### Required work
After locating the line that bears "Gymstick Kettlebell Pro", restate word for word that line and the rest of the listing to its final line, excluding all pictures.

---- Raw data

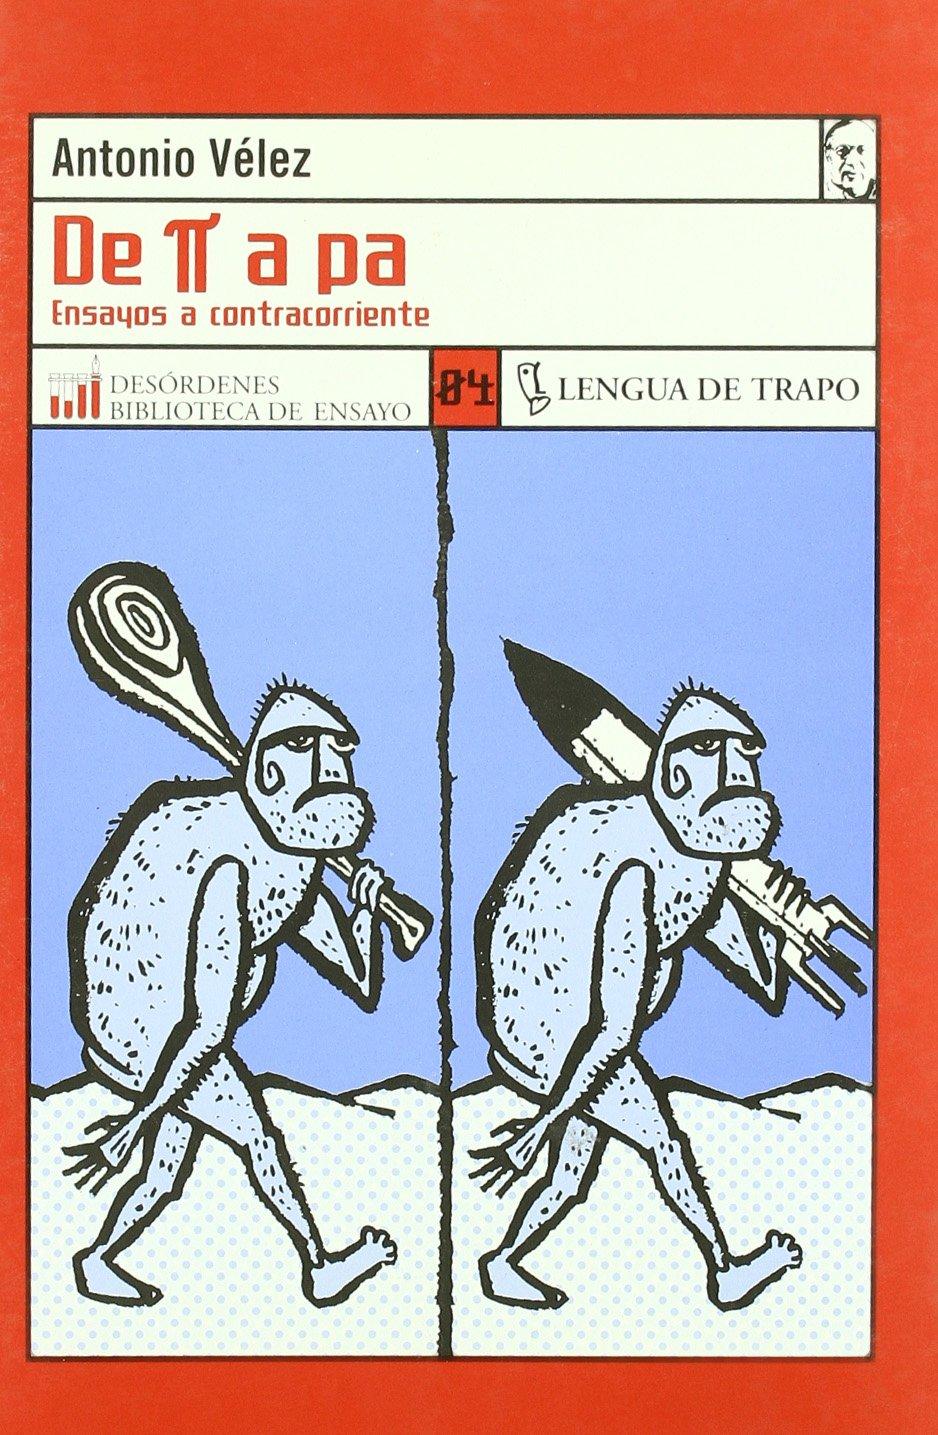 de [Pi] a Pa: Ensayos a Contracorriente (Desordenes) (Spanish Edition): Antonio Velez: 9788489618992: Amazon.com: Books
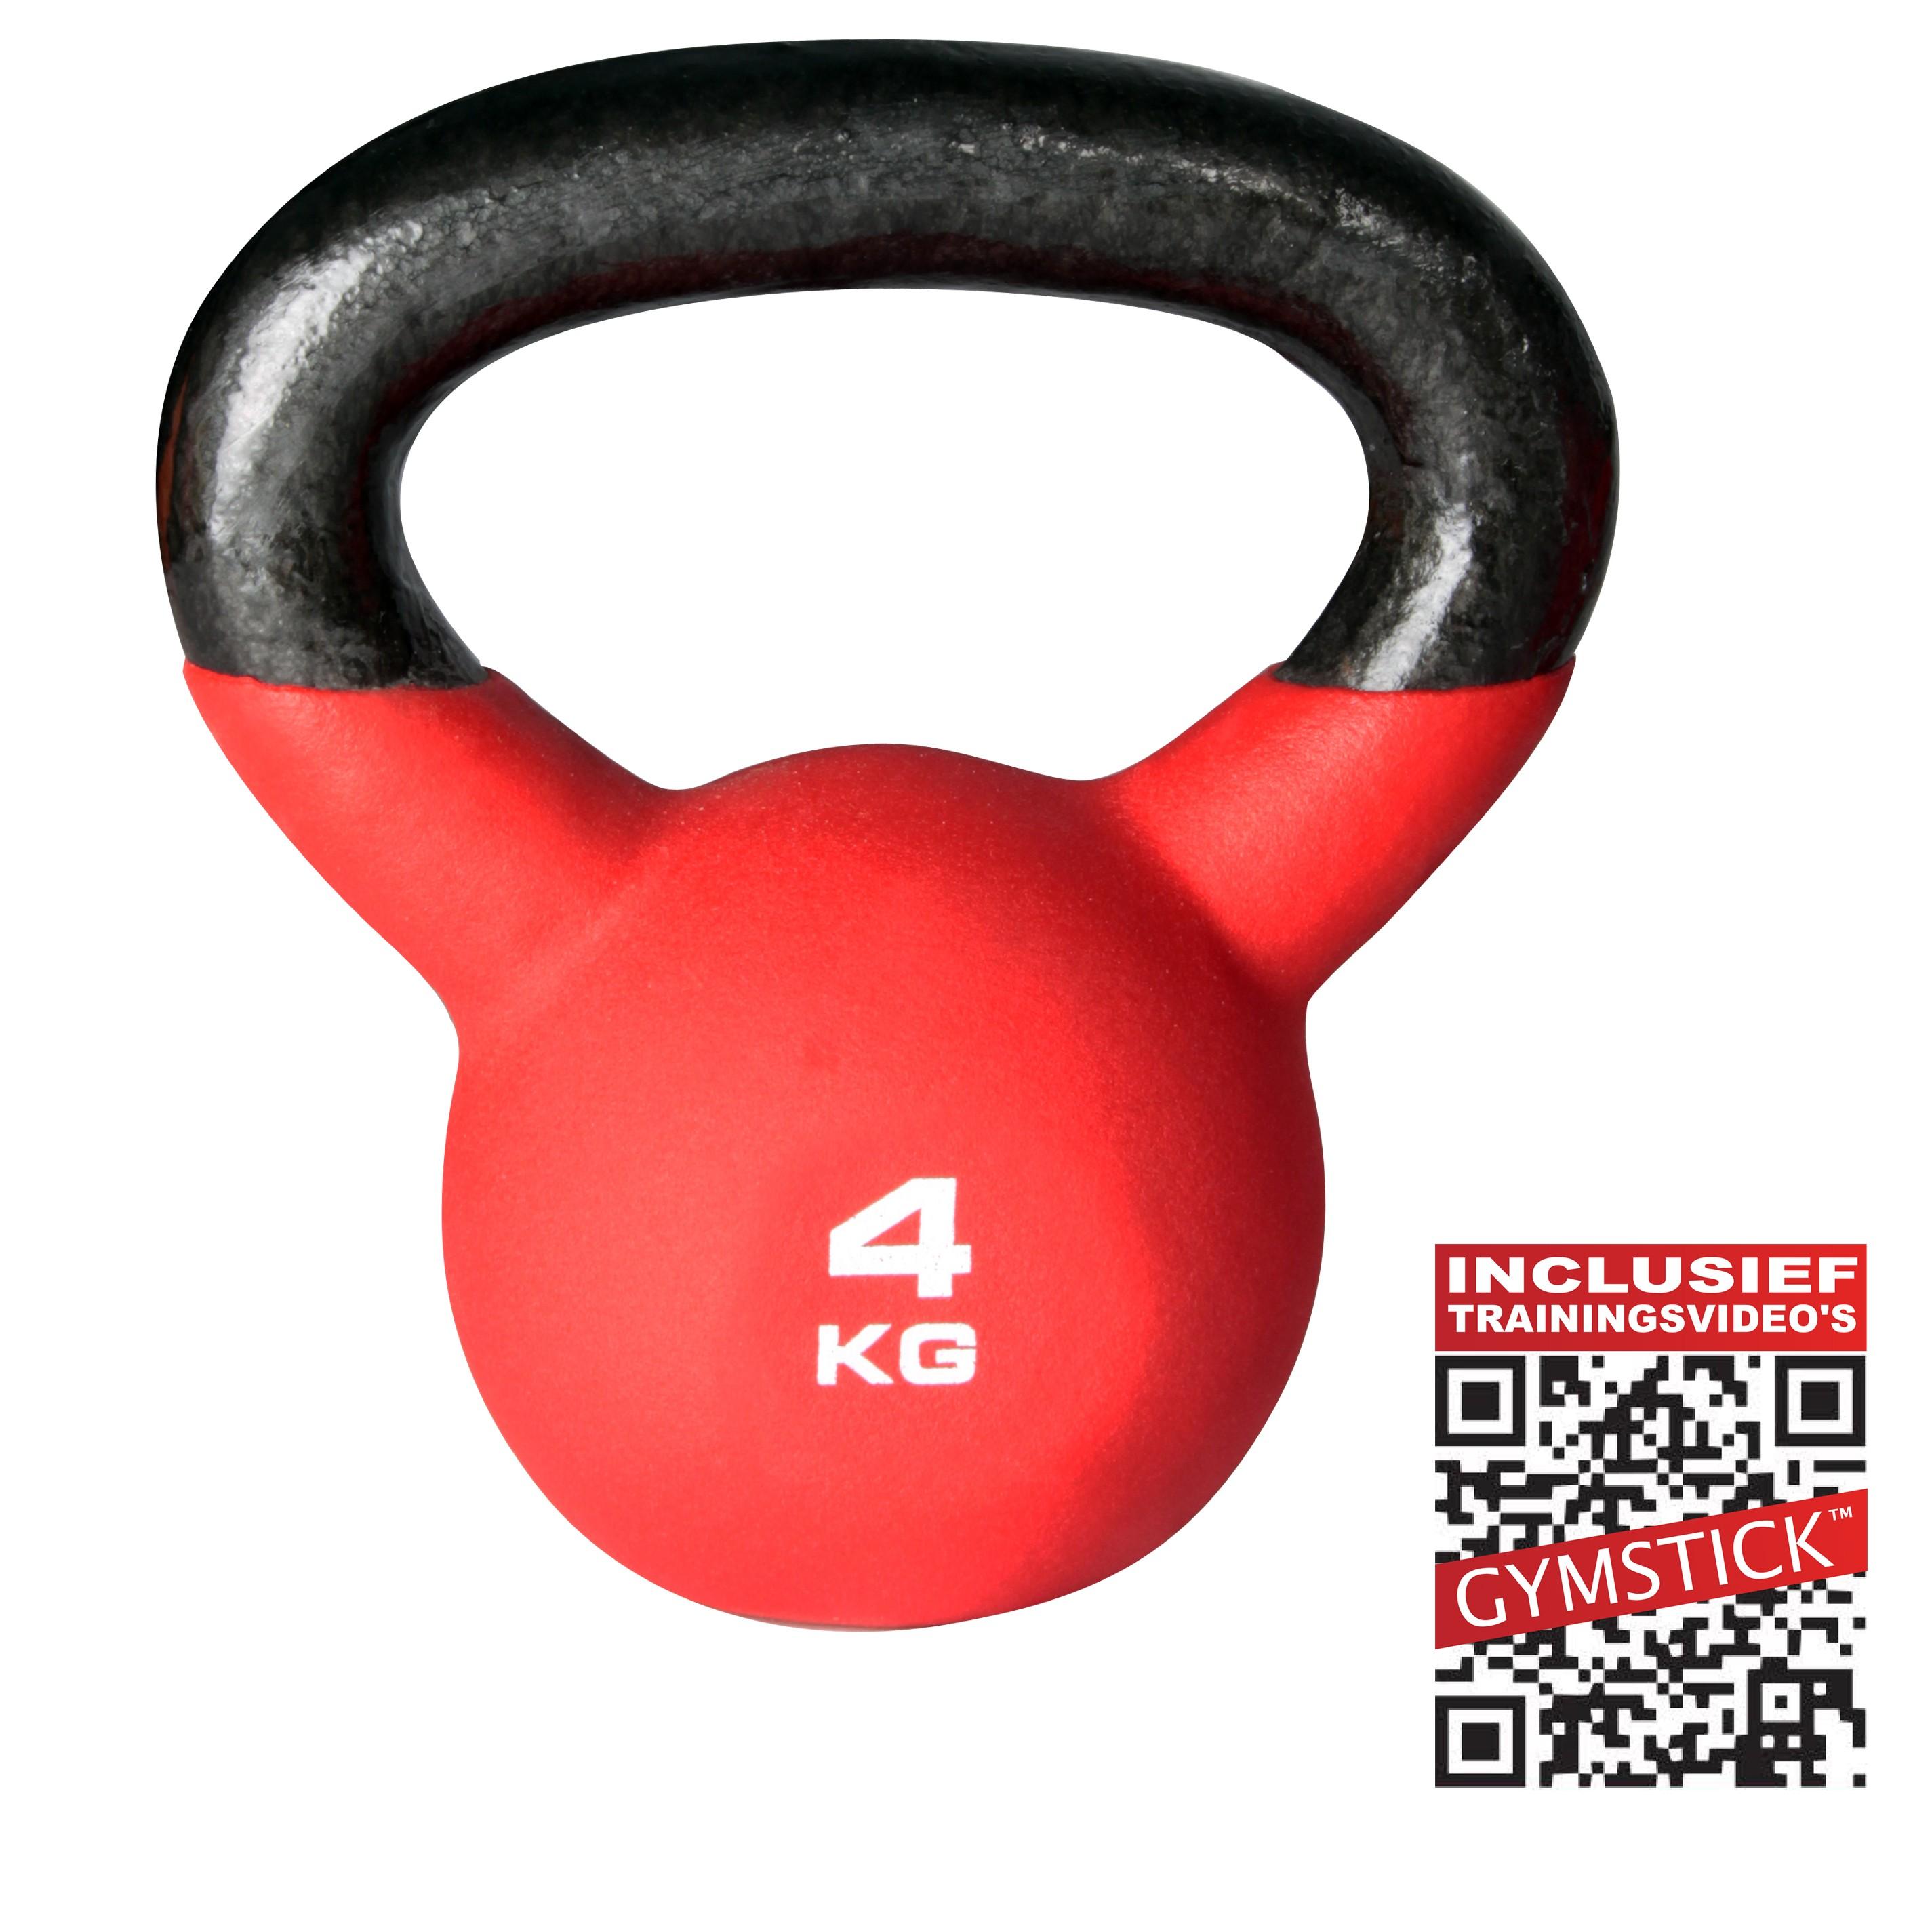 Gymstick Kettlebell Pro 4 kg Neopreen Met Trainingsvideo's
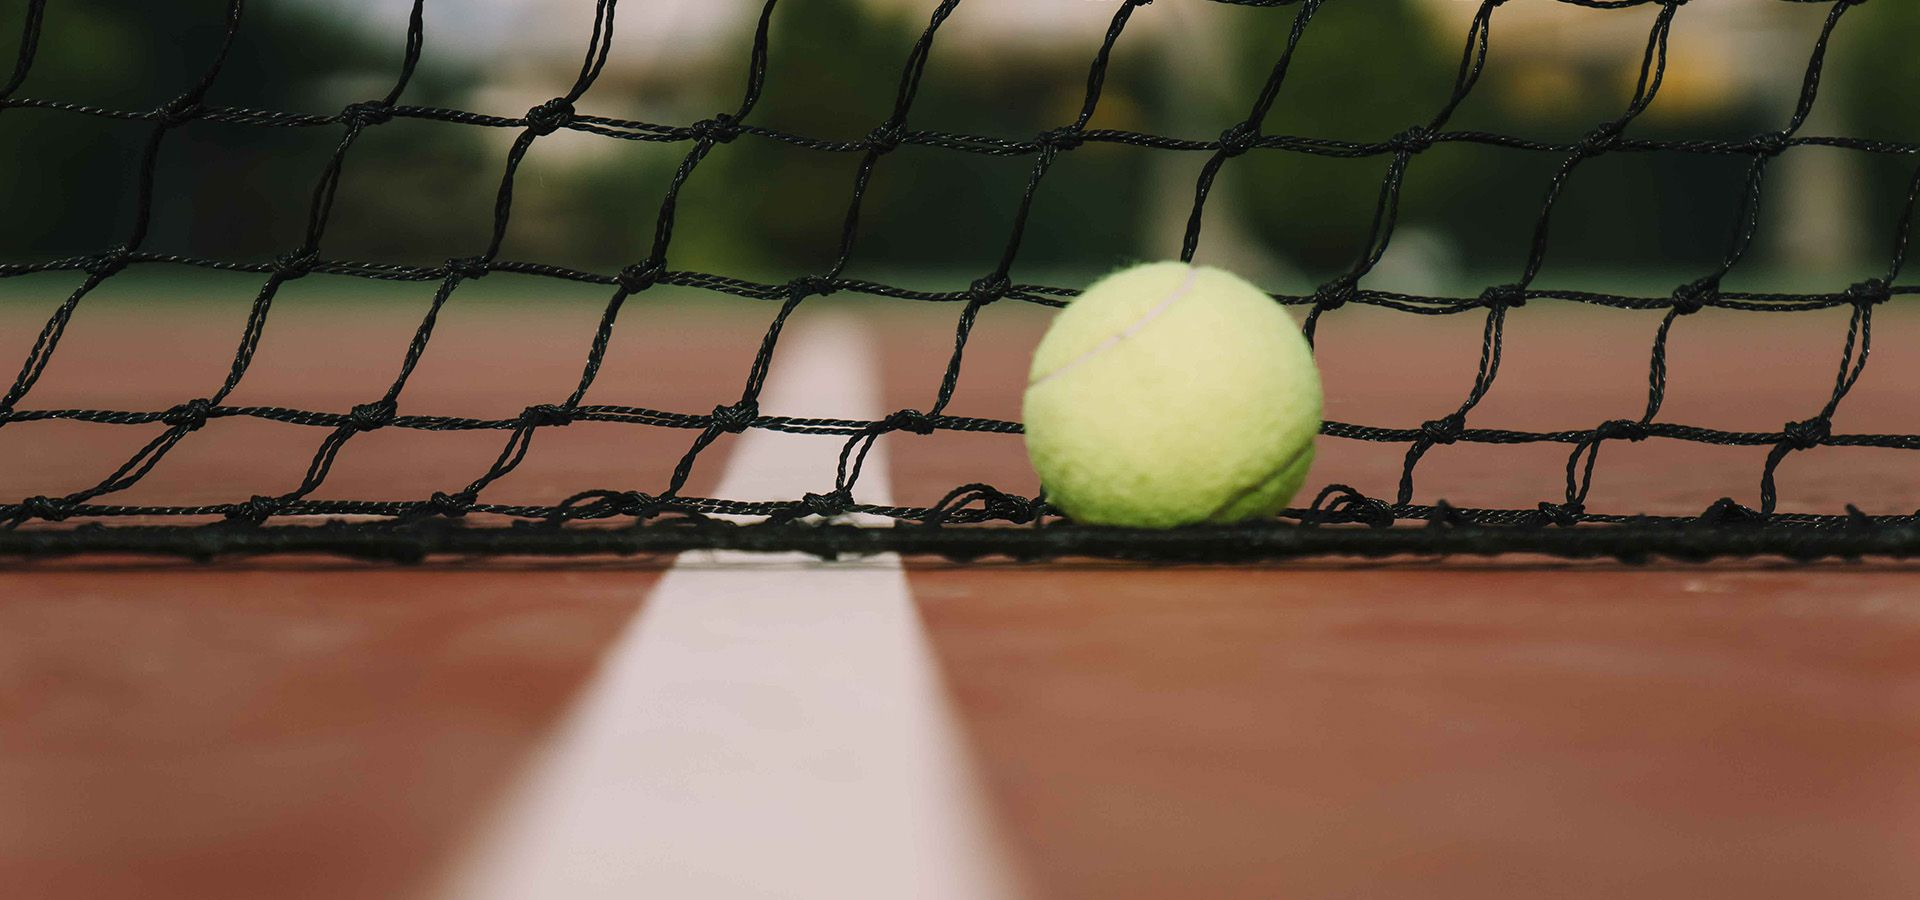 Promoción de disciplinas deportivas

--------

### Written answer
 Gymstick Kettlebell Pro 4 kg Neopreen Met Trainingsvideo's
 Promoción de disciplinas deportivas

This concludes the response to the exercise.